• _What to work on_:
Every record should be copied exactly, except that pictures are to be omitted.

• _Dataset excerpts_:
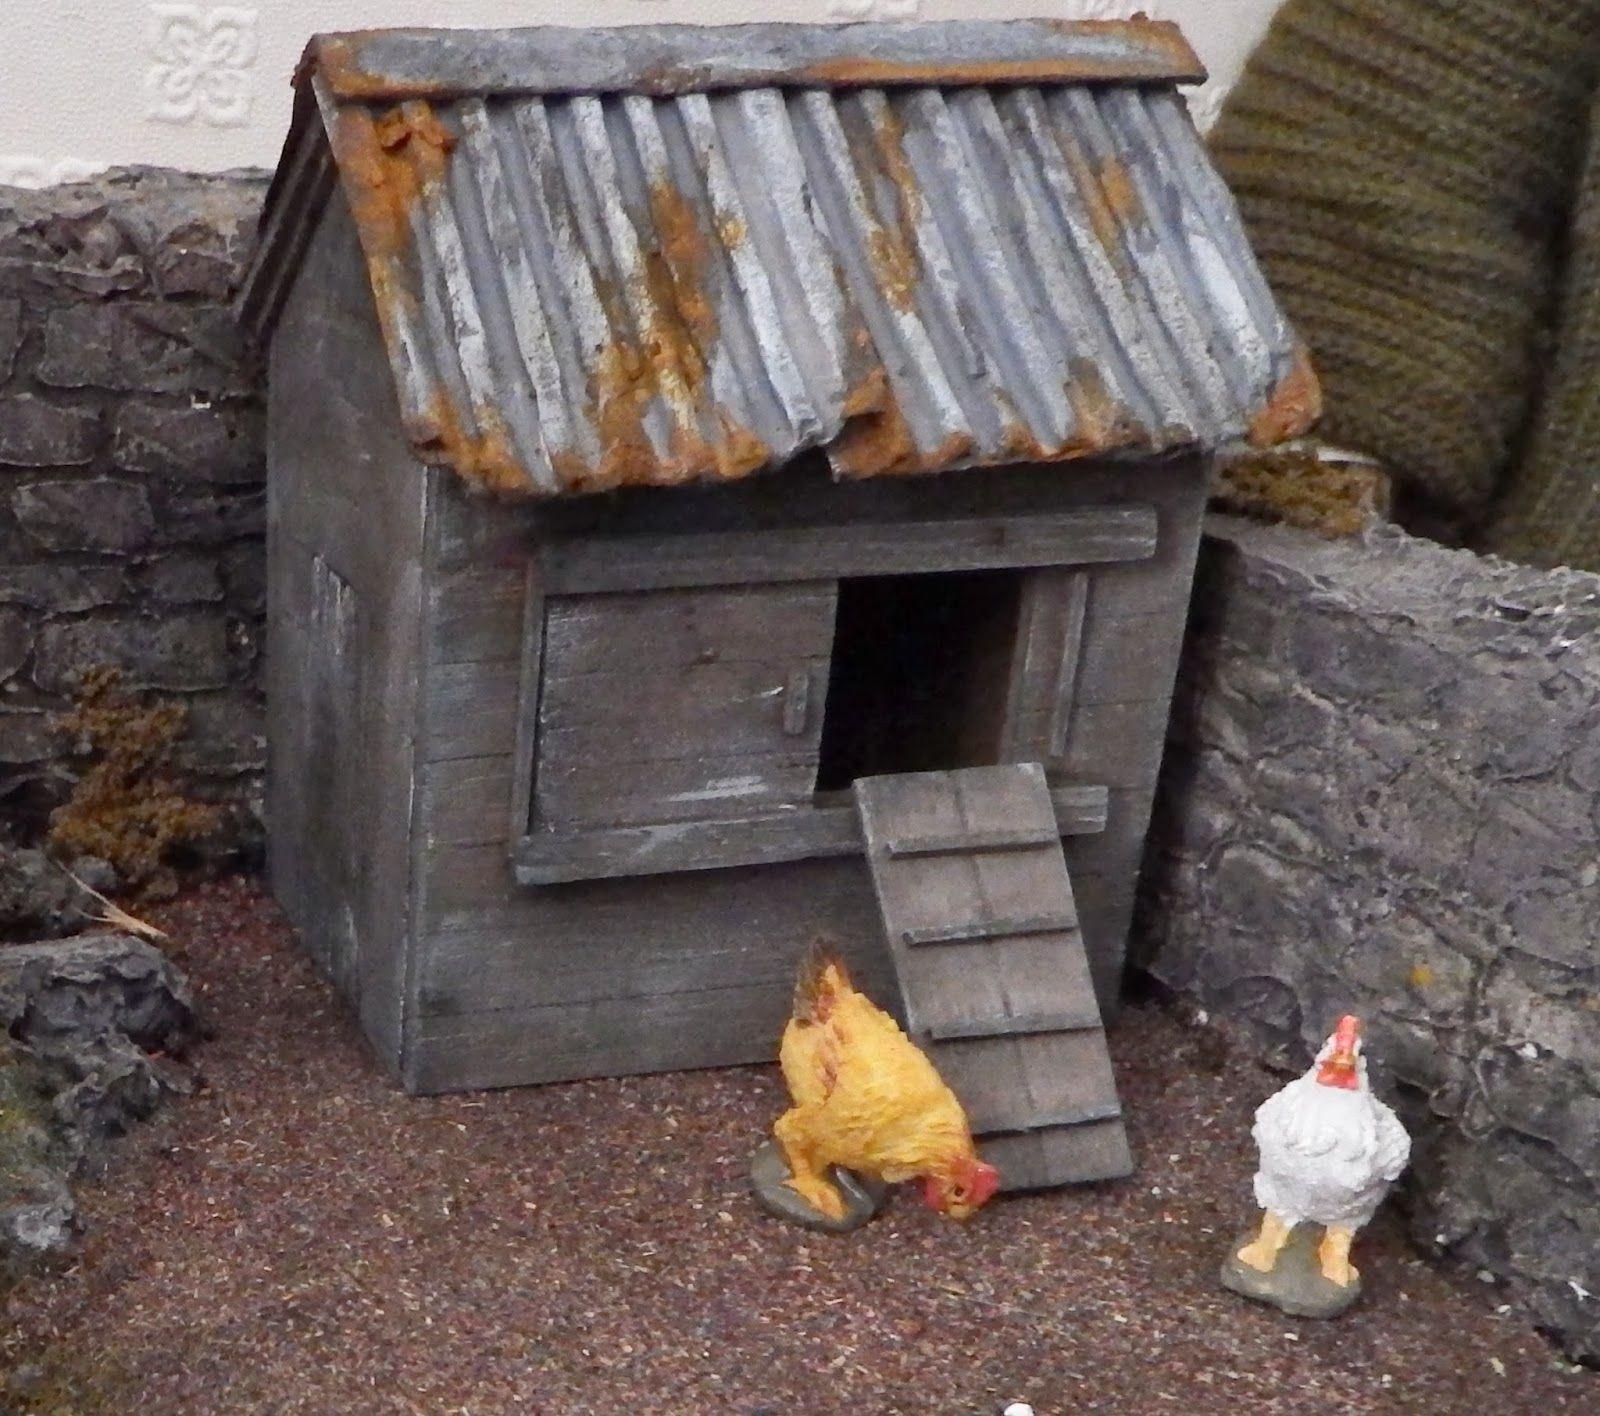 Building Miniature Dreams Miniature Crafts Miniatures Cardboard House
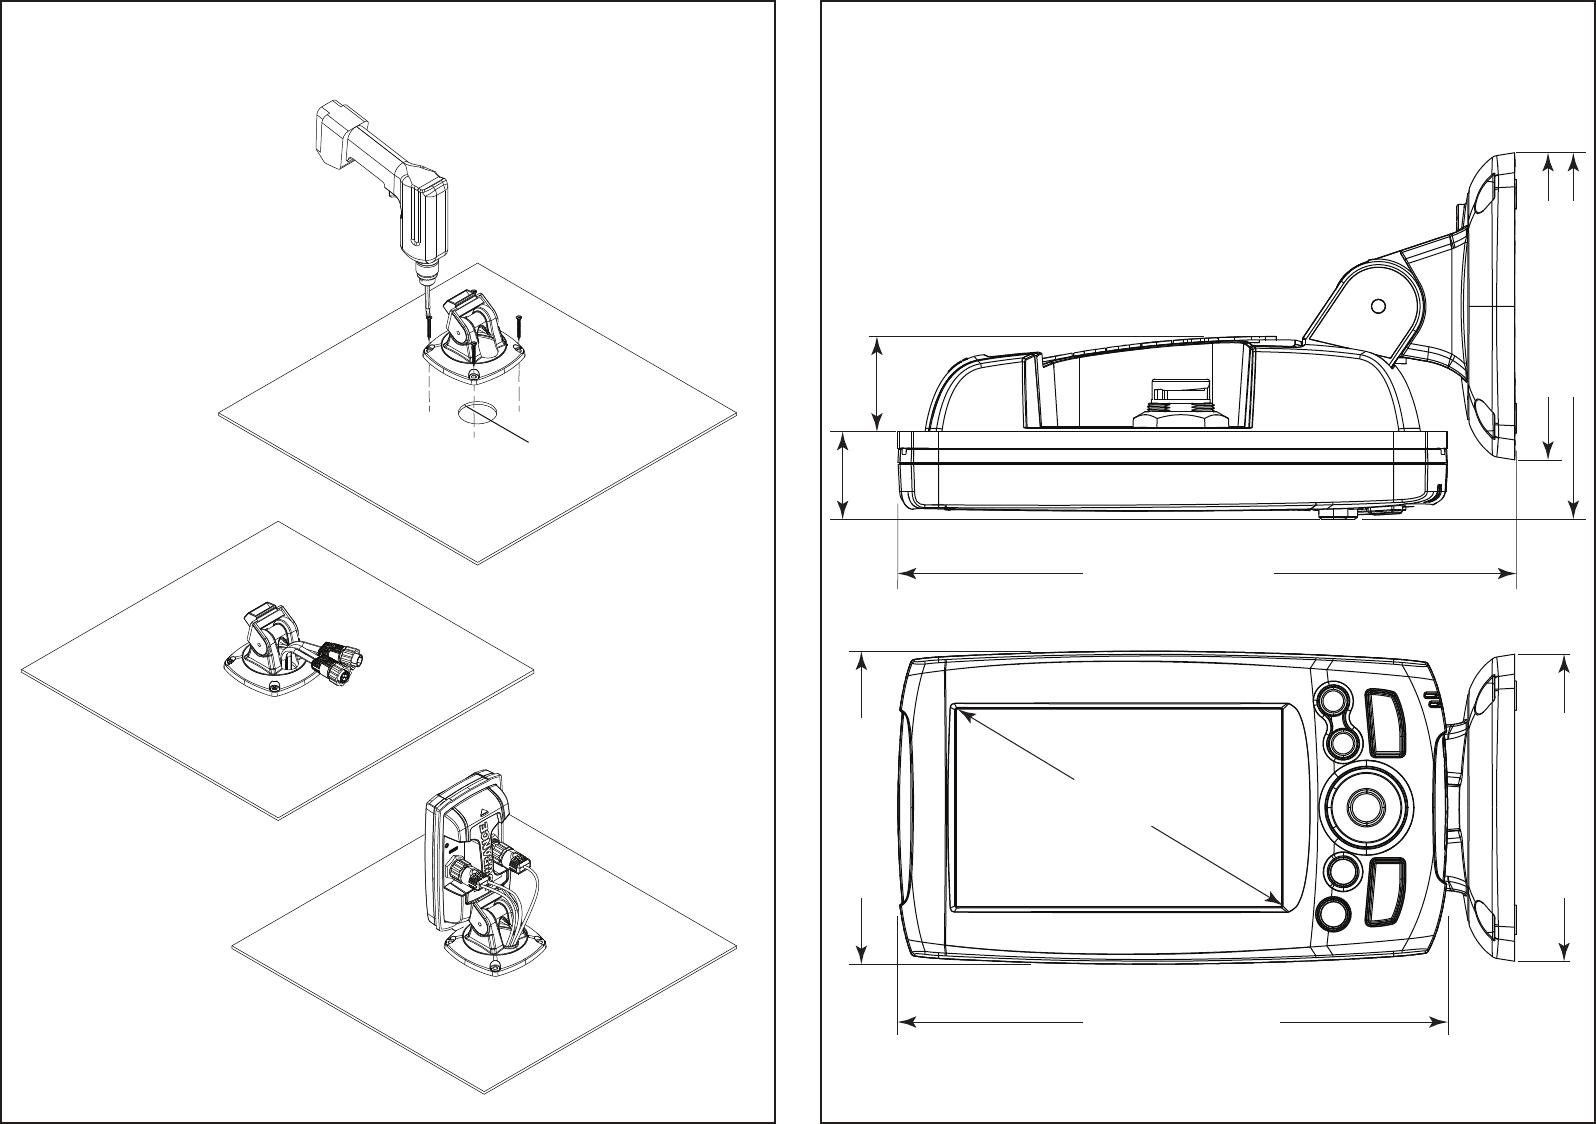 Bedienungsanleitung Lowrance Mark 4 Hdi Seite 1 Von Englisch Wiring Diagram
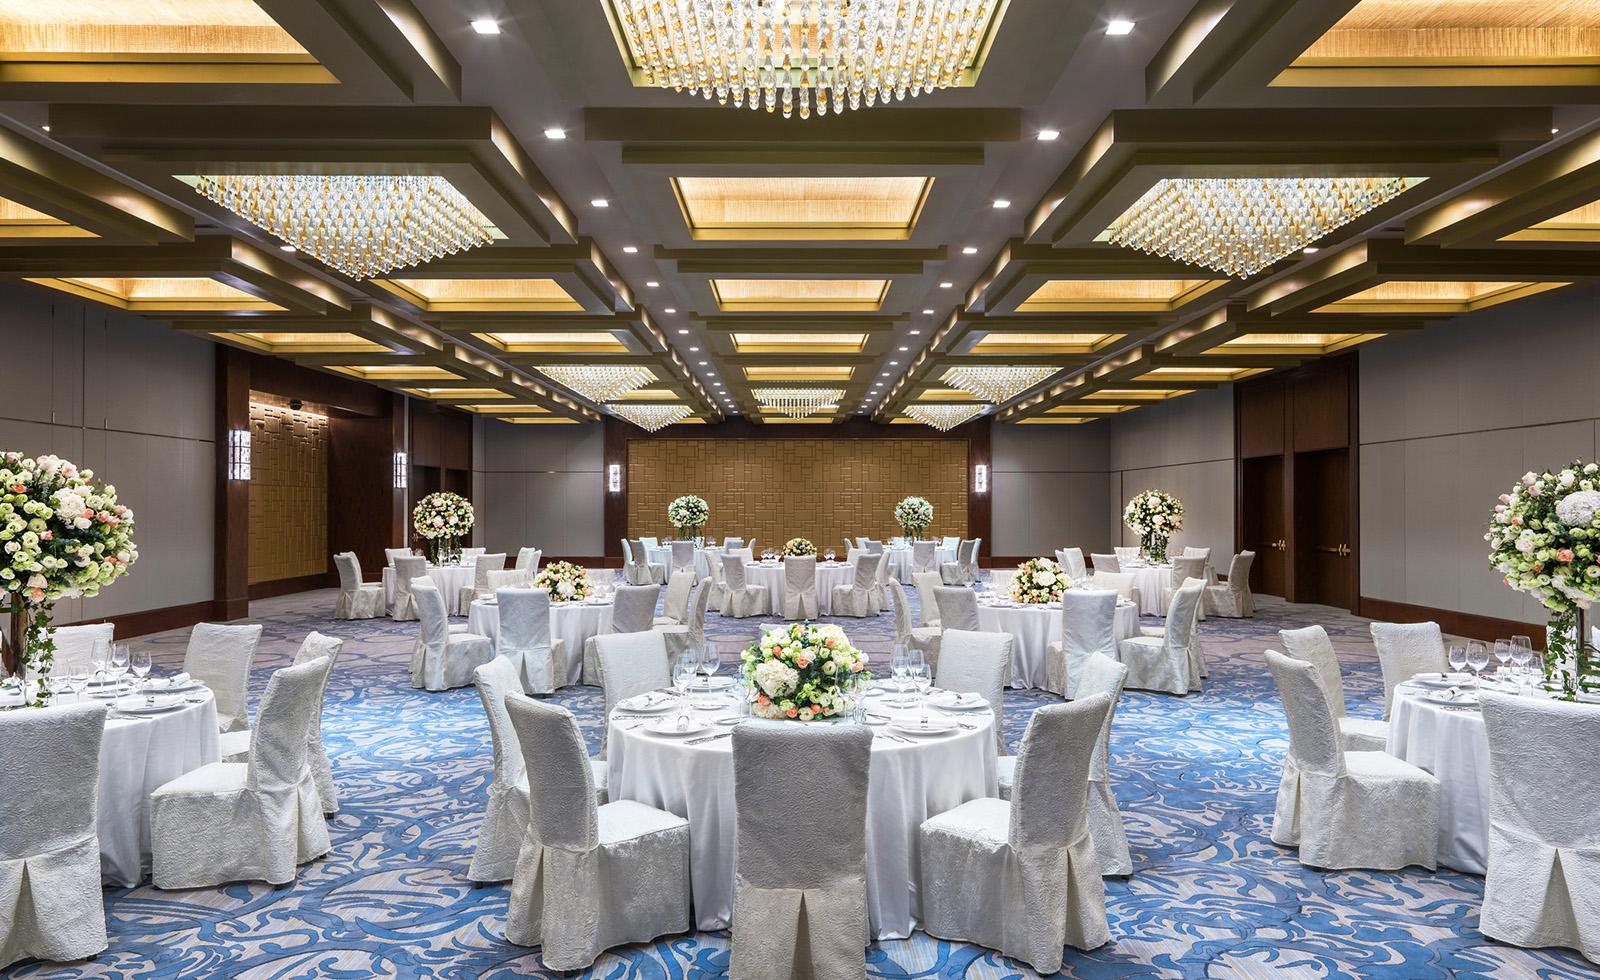 Astor Ballroom, banquet setup
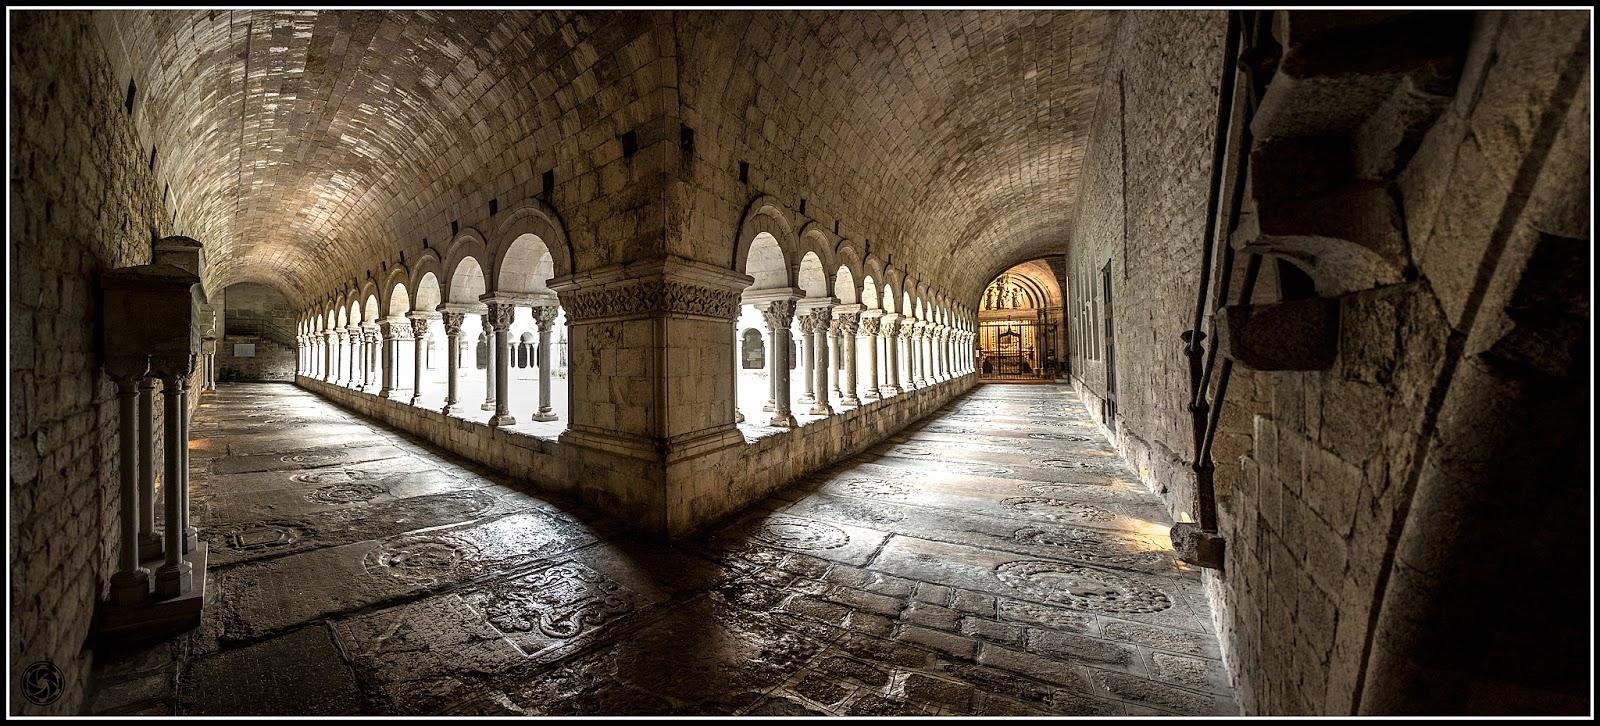 90º del claustro de Sta. Maria de Girona :: Panorama 6 x Canon  EOS 5D MkIII | ISO 3200 | Canon 24-105@24mm | f/5.6 | 1/40s
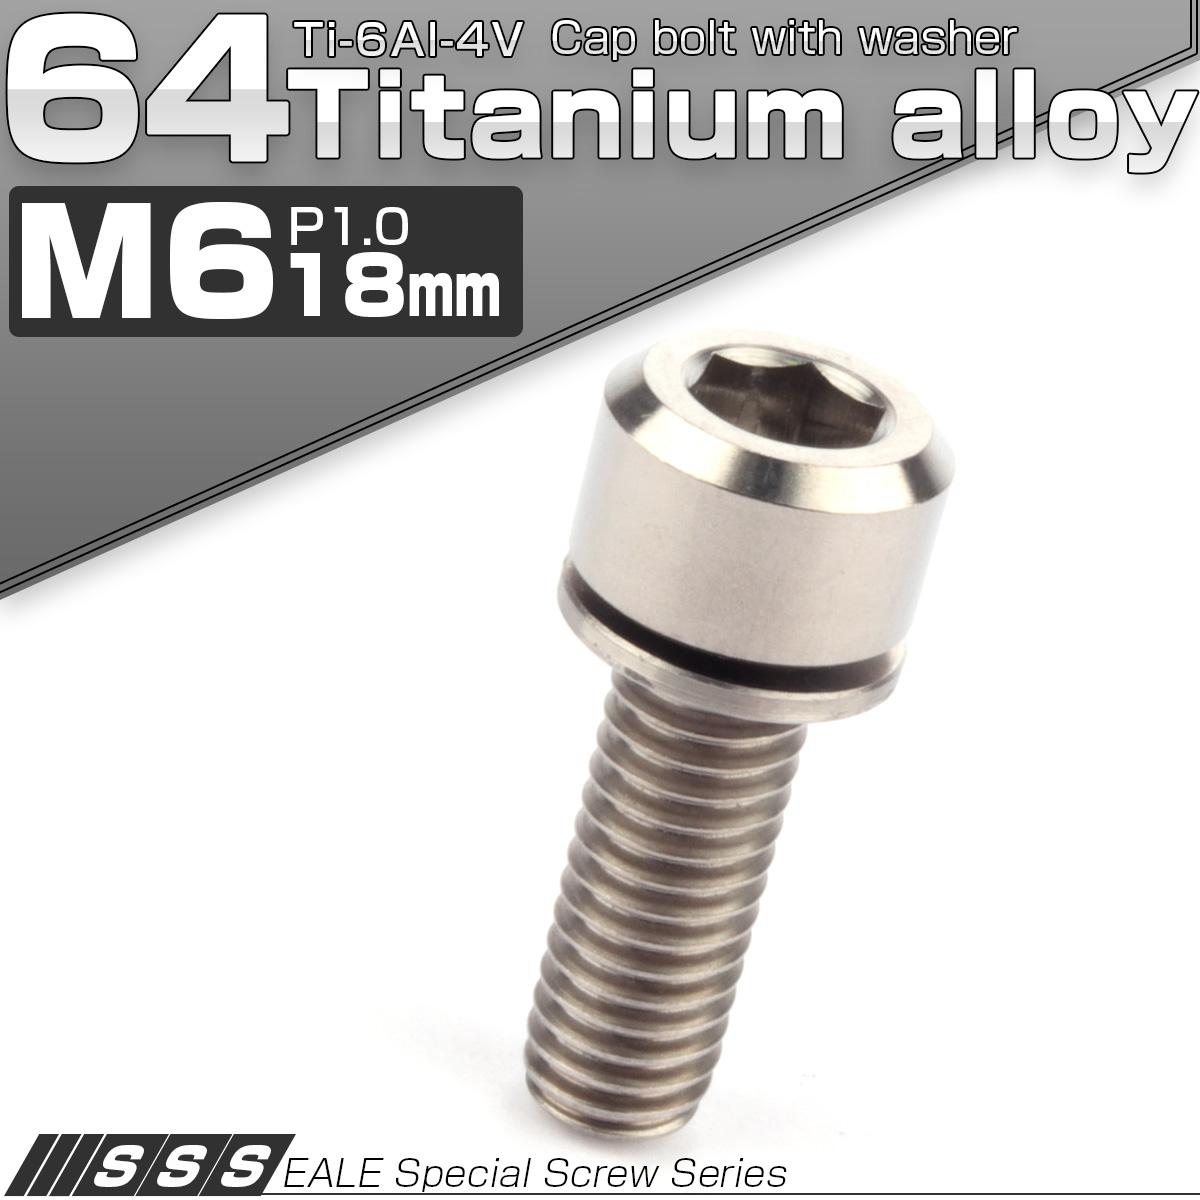 64チタンボルト M6 18mm P1.0 ワッシャー付き キャップボルト 六角穴 チタン原色 JA325

• _Response to the task_:
 Building Miniature Dreams Miniature Crafts Miniatures Cardboard House
 Bedienungsanleitung Lowrance Mark 4 Hdi Seite 1 Von Englisch Wiring Diagram
 Astor Ballroom, banquet setup
 90º del claustro de Sta. Maria de Girona :: Panorama 6 x Canon  EOS 5D MkIII | ISO 3200 | Canon 24-105@24mm | f/5.6 | 1/40s
 64チタンボルト M6 18mm P1.0 ワッシャー付き キャップボルト 六角穴 チタン原色 JA325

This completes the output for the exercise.